Capitulo 20

ASHLEY POV

Cuando abrí los ojos Andy seguía durmiendo plácidamente a mi lado. Era hermoso. Parecía un niño pequeño. Miré el reloj y me sorprendí de lo mucho que nos había dejado dormir mi madre. Sentí un mareo cuando salí de la cama y me puse en pie. Había llorado mucho antes de conseguir quedarme dormido y ahora era yo el que necesitaba una aspirina. Andy gimió cuando notó el hueco que yo había dejado en el colchón y se encogió un poco. Le coloqué mejor la sábana y le dí un beso en la sien. En ese momento abrió los ojos lentamente, acostumbrándose a la luz del sol y confundido por lo que estaba pasando. Me arrodillé junto al colchón y le acaricié el pelo antes de decirle.

-Buenos días.

En mi cara se dibujaba una sonrisa que creo que nunca había experimentado. La felicidad que sentía en ese momento me presionaba el pecho y tenía ganas de gritar. Andy también sonrió y se frotó los ojos antes de intentar incorporarse.

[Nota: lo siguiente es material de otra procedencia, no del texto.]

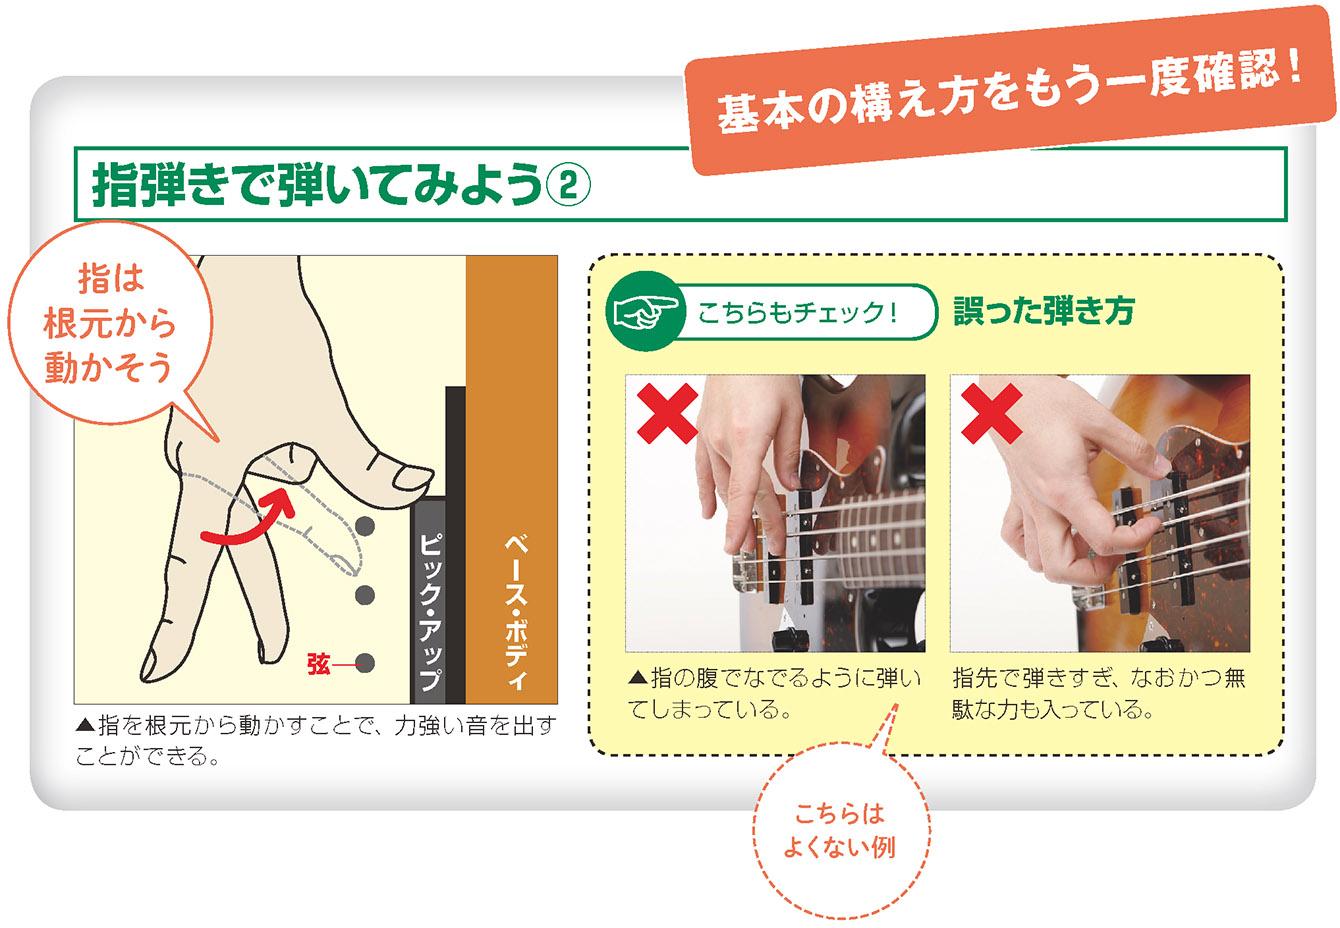 http://musicschool-navi.jp/columns/keion_v1_ba04.jpg

-¡No te levantes todavía!-le dije empujándolo hasta obligarle a tumbarse de nuevo.-Esperame aquí¿vale?

Salí de la habitación rápidamente cerrando la puerta detrás de mí. Antes de seguir mi camino, dí media vuelta y volví a entrar para decirle:

-Uhm...Si necesitas ir al baño te doy permiso para hacerlo pero...¡Date prisa!

Andy soltó una carcajada mientras yo volvía a cerrar la puerta detrás de mí. Bajé a la cocina y encontré a mis padres terminando de desayunar.

-¡Ashley, cariño!¿Por qué os habéis levantado tan tarde?-preguntó mi madre preocupada.

-Umm, a Andy le sigue doliendo la cabeza. Ha pasado mala noche.

-¡Oh!Pobre chico.

-Si, eh... No se encuentra muy bien así que¿por qué no os vais vosotros solos a la playa mientras yo me quedo aquí por si necesita algo?

-¿En serio harías eso?

Asentí con la cabeza. Ella sonrió sorprendida por que de repente me cayera bien y dio un último sorbo a su café.

-Genial entonces. Tu padre y yo nos iremos enseguida, para molestar lo menos posible.

Se lo había tragado. Su cara de preocupación me hacía sentirme culpable pero necesitaba una excusa para quedarme en casa con él.

Oí el sonido de la puerta del baño de arriba. Andy había entrado. Debía darme prisa para no hacerle esperar mucho. Puse una buena ración de huevos con bacon en la sartén y puse en marcha la tostadora. No sabía que era exactamente lo que desayunaba a Andy así que iba a preparale de todo. Serví una taza de café y la puse en una gran bandeja, acompañada de un vaso de zumo de naranja, mermelada, mantequilla y una fuente con los huevos y el bacon que había preparado. Volví a escuchar la puerta del baño que indicaba que Andy había salido. Subí las escaleras sigilosamente para asegurarme de que volvía a la habitación como yo había planeado. Así lo hizo. Cuando me dispuse a bajar las escaleras mis padres salieron de su habitación con las bolsas preparadas para irse.

-¿Vas a subir otra vez?-Me preguntó mi madre.

-Ehh, sí, voy al baño, prefiero el de arriba.

-Nosotros nos vamos ya, llamad si tenéis algún problema.-Dijo mi padre.

Acto seguido bajaron las escaleras mientras yo los esquivaba para subirlas. Entré en el baño y oriné antes de lavarme concienzudamente los dientes para agradar a Andy. Volví a la cocina y puse las tostadas ya hechas en la bandeja, la cogí con ambas manos y volvía la habitación.

Andy me esperaba incorporado en su cama. Cuando me vio entrar con la bandeja, sonrió ilusionado como a un niño cuando le dan su regalo de navidad. Se echó a un lado y me miró hasta que me senté en el borde de su cama. Cuando lo hice, me agarró la mandíbula con una mano y me dio un beso dulce en los labios. Sonreí de nuevo. Sentía ganas de agarrarle del cuello y empezar una larga sesión de besos pero la bandeja del desayuno me lo impedía. La puse entre los dos y Andy dio un sorbo al zumo de naranja. Cogí el café y nos quedamos en silencio.